Why do so many people worry about what others drive? I guess I don't get it. If you are going to give people carp for not towing then we also need to go after sports car owners. If they don't race then they have no business buying a car with that much power.


----------



## larryamyers (Dec 20, 2009)

I wonder how many people know what synthetic oil really is. We used synthetic grease in all or our roller bearings for rail cars which can run to 1,000,000 miles on the same grease. Grease is "soap" which holds the oil and release's it. If you think of regular oil, imagine it's molecules are made up of golf balls, tennis balls and baseballs. When you specify synthetic oil, they refine it until all that's left are golf balls, the other larger molecules are refined out in the cracking tower. All the same smaller molecules can take higher heat, higher pressure and last longer without breaking down. Isn't that a easy way to understand why synthetic is the best choice? No question it is the best in everything, transmission, rear end, etc. Step up and spend the money, you'll get better mileage and your engine will run cooler too. I will bet the message center will tell you to change it less often. Just my thoughts on oil.


----------



## redexpress (Apr 5, 2010)

A true synthetic isn't oil or distilled. Royal Purple and Amsoil used to be a PAO, I think. Not sure if they still are, or have a esther blend. 
There has been great debate and lawsuits about major brands (Mobil1) saying they were synthetic, and by the truest definition aren't. If I remember correctly they were allowed to use a very high grade oil (Group IV?) and call it synthetic.

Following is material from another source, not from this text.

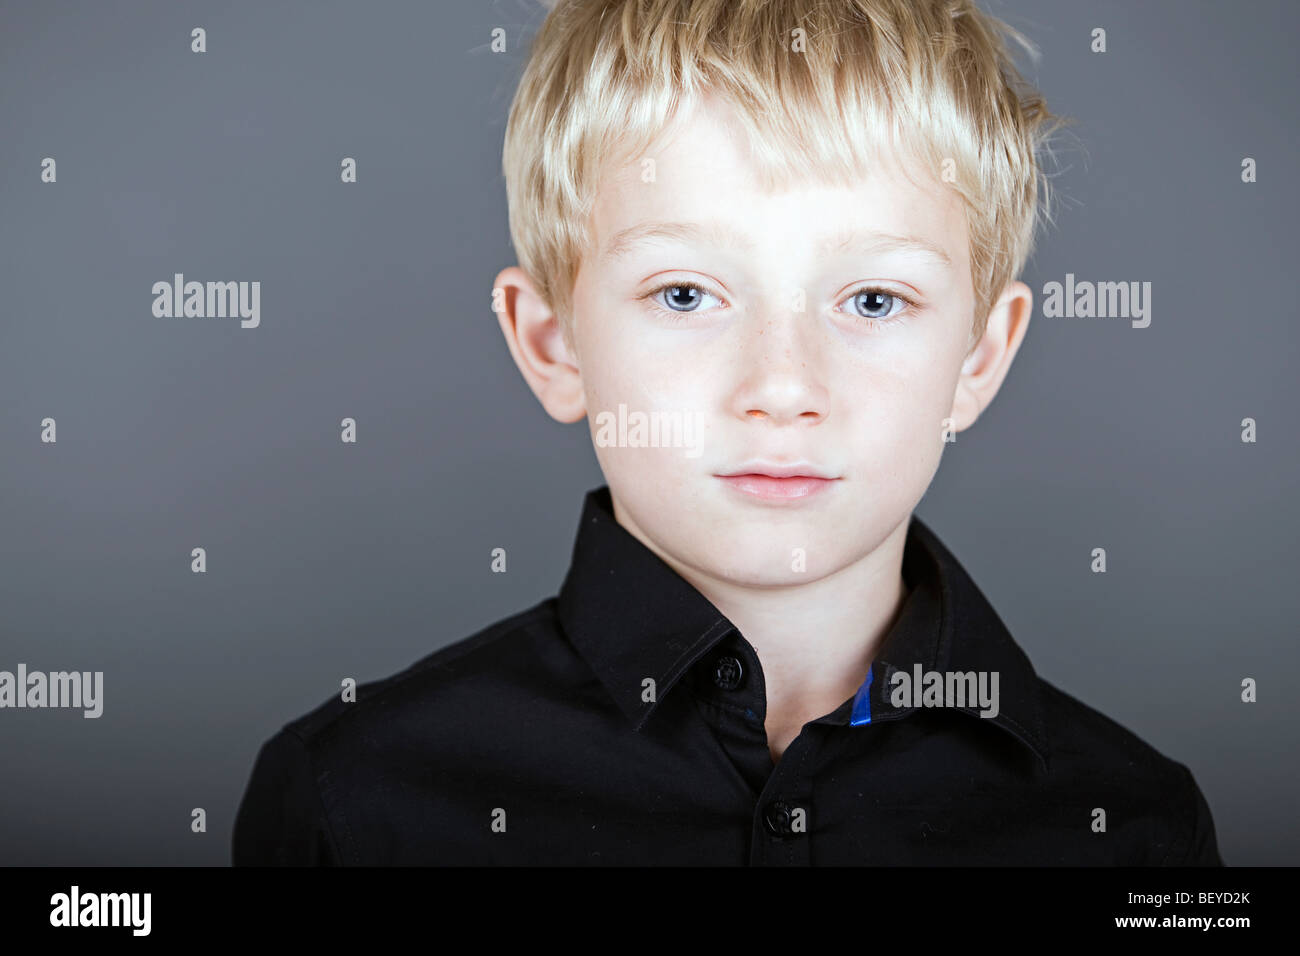 a wary and shy little boy looks concerned Stock Photo

I don't know how to define the Pennzoil, and I guess Rotella, synthetics that are made from natural gas from the Shell Pearl GTL (gas to liquids) plant in Qatar.
edit: here's what Wikipedia says:
https://en.wikipedia.org/wiki/Synthetic_oil


----------



## redexpress (Apr 5, 2010)

I found a site that has a good explanation of synthetic oil:
http://www.synthetic-oil-technology.info/


----------